Will Koyambedu market be shut down after three men suspected to have contracted COVID-19?

During a market management committee meeting, it was decided to split it into three markets in Madhavaram, Koyambedu and Kolapakkam.
Crowded Koyambedu vegetable market on Saturday when residents thronged there after the government announced four-day intense lockdown | Martin Louis
Crowded Koyambedu vegetable market on Saturday when residents thronged there after the government announced four-day intense lockdown | Martin Louis

CHENNAI: A question mark hangs over the operations of the Koyambedu wholesale market following reports that three people there -- two truck drivers and a coriander vendor -- are suspected to have tested positive for COVID-19.

During a market management committee meeting, it was decided to split it into three markets in Madhavaram, Koyambedu and Kolapakkam. A decision to this effect will be finalised on Saturday, said S Chandran, Market Management Committee Licensed Merchants Association President and Anaithu Sangankalin Kootamaipu general secretary.

He told The New Indian Express that three persons -- two lorry drivers from Maharashtra and a coriander trader -- have tested postive for COVID-19. However, corporation officials said that tests in this regard are on and have not been confirmed yet.

Demanding that all traders and workers should be tested for the coronavirus, Chandran said the two truck drivers from Maharashtra, who initially tested negative in their home state, had given fresh samples before proceeding to Chennai. These truck drivers were transporting fruits to the Koyambedu fruit market.

After the second round of tests in Maharashtra confirmed that they have been infected with the coronavirus, the police control room there informed police officials in Chennai and the two drivers were quarantined.

He said the third person to have been infected is not a regular trader. He used to come to the market and sell a few sacks of coriander before leaving for home. "We believe he would have contracted the virus from near his home," said Chandran.

To a query on whether all the traders and workers should be tested, he said that he has been demanding this since the lockdown was implemented. "As it is a place for public gathering, everyone should be tested," he said.

Bhaskar, an onion trader in Koyambedu, said when a person is infected by the coronavirus, the entire area and the people working there are quarantined. "Sadly no steps have been taken in this regard. Why did the market not move to an open space after the lockdown was introduced? On the one hand, the state is promoting social distancing but on the other hand, it is encouraging overcrowding in the market," he says.

Fearing that his aged parents would get infected, Bhaskar has been avoiding the market for more than a week and echoes the opinion of the majority of traders.  

Interestingly, city police commissioner A K Viswanathan had been requesting the market association to spread the market over three different places to avoid crowding since the lockdown was announced, said police sources, adding that the Market Management Committee was reluctant.

However, the fault also lies with the market not being handed over to the corporation despite then Municipal Administration and Water Supply (MAWS) secretary Phanindra Reddy asking the Chennai Metropolitan Development Authority to do so in 2015.

"Being a development agency, CMDA is required to take up development works envisaged in the masterplan.
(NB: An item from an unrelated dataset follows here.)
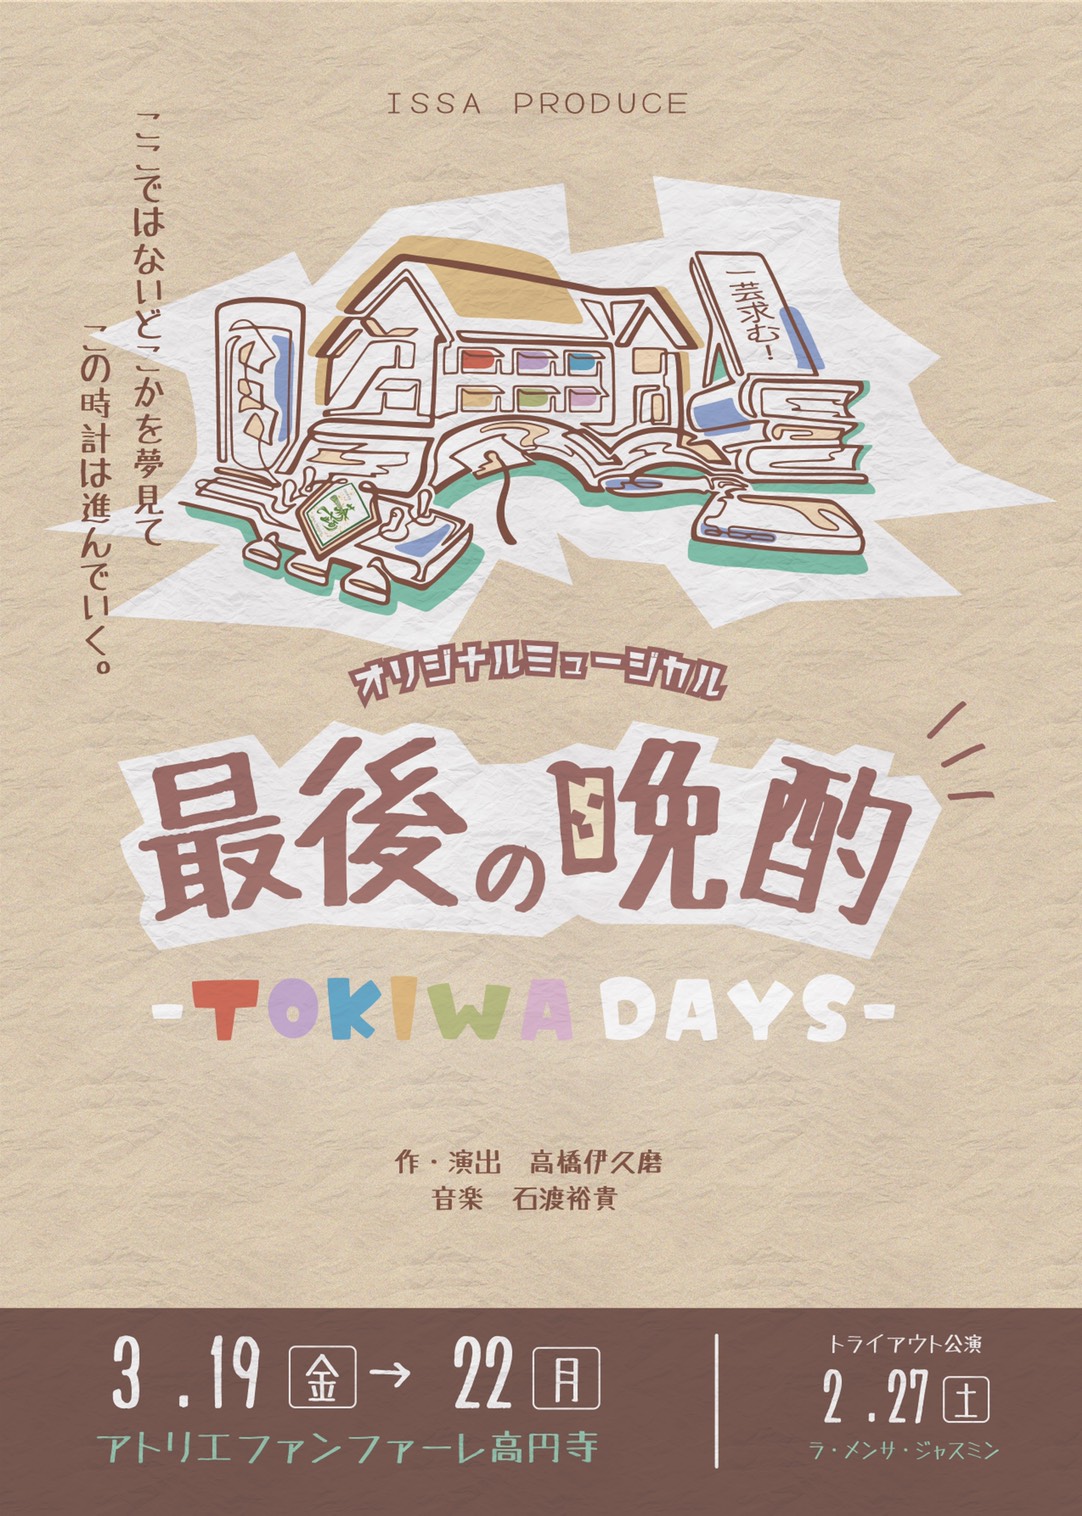 【配信 3/20 白】『最後の晩酌-TOKIWA DAYS-』配信チケット

As CMDA does not have the required manpower or financial capabilities and is not empowered under the Tamil Nadu Town and Country Planning Act to continue operating such development projects, the possibility of transfer of the market and Chennai Mofussil Bus Terminus to the corporation needs to be considered," according to the minutes of the meeting held on September 28, 2015 accessed by Express.

At that time, the meeting has asked the corporation to study the provision of the Tamil Nadu Specified Commodities Markets (Regulation and Location) Act, 1996, to be examine whether statutory powers are available to hand over the Koyambedu market to the corporation.

Even Corporation Commissioner Prakash during a press briefing recently expressed his inability to shift the Koyambedu market to an open space as it comes under the CMDA.

The market continues to remain under an agency which lacks manpower and is best suited to work on urban planning, which has resulted in the failure to segregate it and made traders, workers and the public unsafe, said a former planner. It is time the government looks into the MAWS department suggestion and implements it, he added.